You drink so you don't feel

Wagstaff would try and drink his pain away.

"There were many times I thought about suicide," said Wagstaff.

He spent nearly a decade in New York City.

It was in the Big Apple he pushed for gay rights and help pass the New York Hate Crimes Act of 2000.

But many memories of growing up in a small town haunted him.

"When people are tearing you down from the pulpit in the churches around town and saying you're not wanted," said Wagstaff.

Wagstaff is a man of faith and conservative.

Many of his values go with the Abilene population.

But in the 80s, Wagstaff's sexuality would be the dividing point.

"Growing up as gay and being depressed in Abilene, not thinking I could be myself," said Wagstaff.

In the late 90s, he had the courage to come out to his family.

He would travel between New York and Abilene.

Wagstaff found that people were now open to who he was.
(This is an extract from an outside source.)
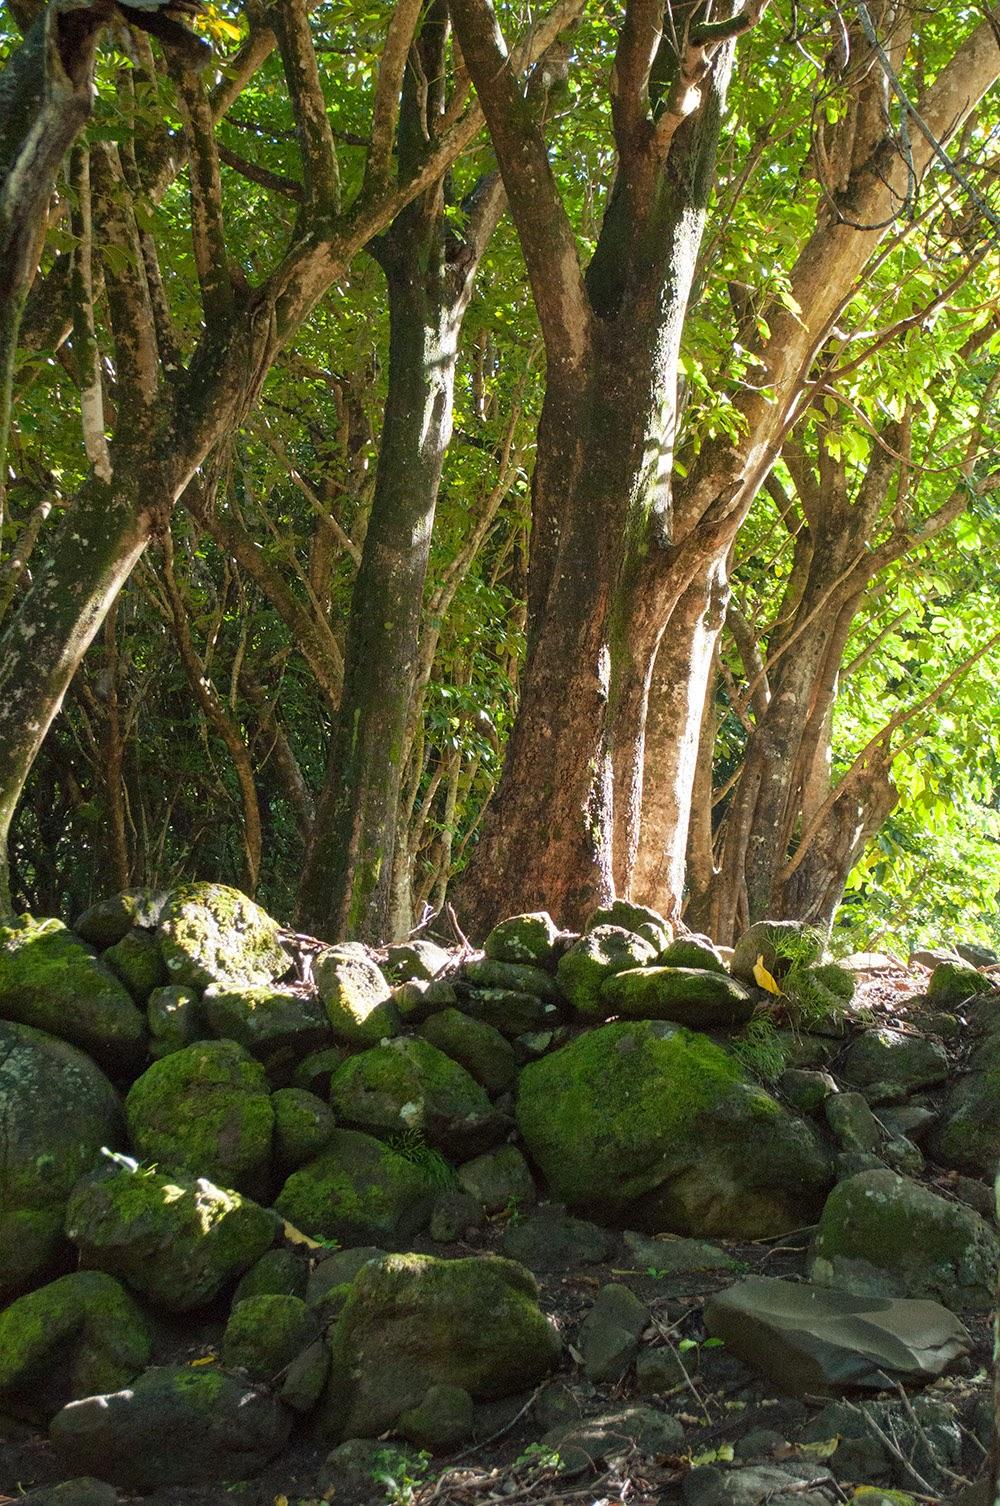 Joyful Rebellion: Kauai 2014: Limahuli Garden (day 12 part 2)

Wagstaff is now 15 years clean.

He is back in Abilene and is helping lead the first Abilene pride parade.

Studies have shown that, when compared with the general population, gay and bisexual men, lesbian, and transgender individuals are more likely to:

  • Use alcohol and drugs,
  • Have higher rates of substance abuse,
  • Not withhold from alcohol and drug use, and
  • Continue heavy drinking into later life.

Risk Factors:

According to data from the 2015 Nattional Youth Risk Behavior Survey (YRBS), of surveyed LGB students

  • 10% were threatened or injured with a weapon on school property
  • 34% were bullied on school property
  • 28% were bullied electronically
  • 23% of LGB students who had dated or went out with someone during the 12 months before the survey had experienced sexual dating violence in the prior year
  • 18% of LGB students had experienced physical dating violence
  • 18% of LGB students had been forced to have sexual intercourse at some point in their lives.

According to the CDC, for some gay and bisexual men, alcohol and illegal drug use, especially methamphetamines (meth), amyl nitrates (poppers), and other drugs can lead to a higher chance of getting HIV and other STDs.

The CDC states those using drugs or alcohol may also raise their chances of getting HIV or giving it to others by getting involved in more risky sexual practices and behaviors or through sharing needles or other injection equipment.


Abilene Pride Alliance is also trying to bridge the Gap in Abilene, providing a list of resources that is LGBTQIA-friendly.

The Big Country AIDS Support Group, also known as the Big Country AIDS Resources, has been helping the residents of Abilene and the surrounding 19 counties affected by HIV.